Cette dernière m’examine sans pudeur me savonner. Pendant ce temps, je l’observe à travers la paroi de douche. D’un côté, je suis fier de cette étape franchie et j’attends impatiemment la suite, mais d’un autre côté, je regrette presque. Je ne veux pas que Dakota s’accroche à moi, qu’elle entre dans ma vie et qu’elle se croie que désormais, nous allons être plus proches. Je ne désire rien changer à notre relation. Je ne l’aime pas.

Je sors de la douche ruisselant quand elle remet la brosse dans le verre sur le lavabo. Nos regards se croisent et je ne peux m’empêcher de repousser la mèche de cheveux qui lui tombe sur le visage en appréciant le bleu de ses yeux. Ma main lâche la boucle blonde et effleure la peau douce de sa nuque. Je l’attire contre moi et je pose un bisou sur son front.

— Je dois aller dire au revoir à Marion, je ne vais pas la revoir pendant plus d’un mois, je lui annonce, plus détendu que tout à l’heure.

Dakota recule d’un pas et pince ses lèvres. Je sens que je l’ai contrariée en lui parlant de Marion alors qu’elle vient de m’offrir un moment de plaisir insoupçonné.

— Et moi ? On ne se verra plus jusqu’aux vacances de la Toussaint ! Tu m’attendras ?

— Tu sais bien que non, je lui avoue en adoptant un air détaché.

— On pourrait communiquer par les réseaux !

Elle s’accroche soudain à moi et j’étouffe. Je ne supporte pas cette petite voix désespérée qu’elle prend pour me supplier. Plus elle insiste, plus je la fuis. Je saisis ma serviette et commence à m’essuyer. Je veux qu’elle comprenne qu’elle n’aura rien de moi.

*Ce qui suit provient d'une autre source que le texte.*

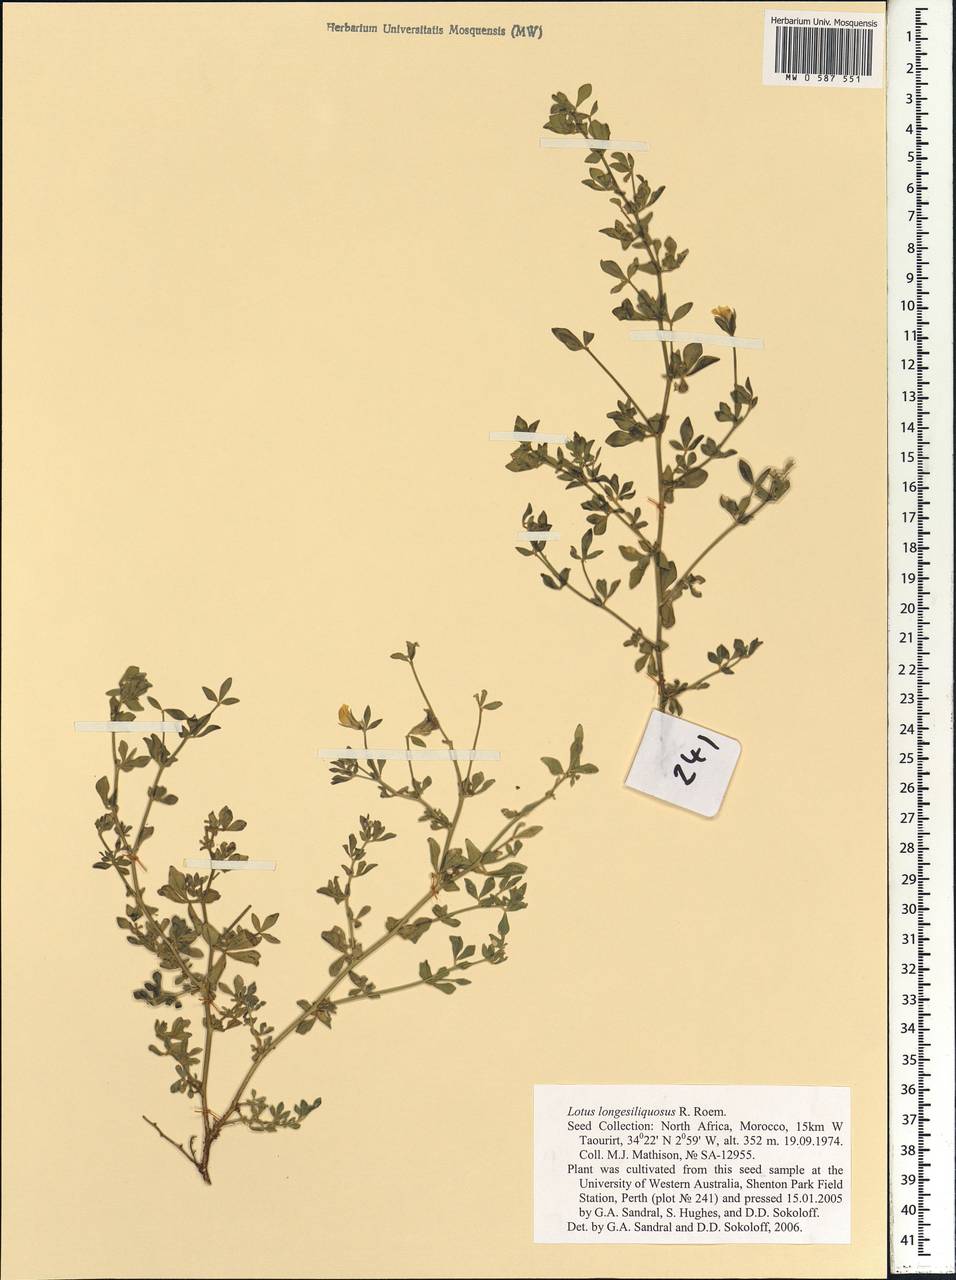 Lotus longesiliquosus R.Roem., Африка (AFR) (Марокко)

— Dakota, tu sais bien que je ne réponds pas régulièrement aux messages. En plus, ça me saoule, les relations de couple, alors, j’imagine même pas en virtuel !

Je tente un nouveau coup d’œil vers elle pour voir sa réaction. J’essaie de la regarder droit dans les yeux pour qu’elle ait l’impression que je suis sincère, mais c’est une illusion, je n’y arrive pas. Elle est toute mignonne dans sa petite robe, elle sent bon, elle sait faire des choses avec sa bouche que je souhaite connaître à nouveau, mais je ne veux pas qu’elle m’emprisonne. Je ne peux pas lui appartenir. Je suis avide de liberté.

— Donc, tout s’arrête ?

— Rien n’a commencé, je lui murmure calmement en l’attirant une dernière fois contre moi pour apaiser ses craintes. De toute façon, tu me demandes de t’attendre, mais tu crois que je vais partir d’ici ? Tu sais bien que je serai là à la Toussaint !

— OK ! souffle-t-elle en se dégageant.

Je la retiens contre moi juste un instant, le temps de lui voler un bisou furtif qu’elle me refuse presque avant de s’échapper.

Merde, je suis à poil, je ne peux pas lui courir après ! Je lui enverrai un message dans la nuit. J’aurai inventé quelques excuses d’ici là. Et ce sera toujours plus facile de me justifier par écrit que si je l’avais en face. Il est tard. Je dois me rendre sur le port pour essayer de trouver Marion qui m’en voudrait vraiment si je partais sans lui dire au revoir.

Je file m’habiller dans ma chambre. En passant à côté de ma fenêtre, je jette un coup d’œil sur la rue à la recherche de la silhouette de Dakota qui s’échappe tristement.

*Endroit où la vague commence à dérouler.

**Virage en haut de la vague qui vient frapper le haut de la lèvre.

***Vague cassant sur un fond sablonneux non loin du bord.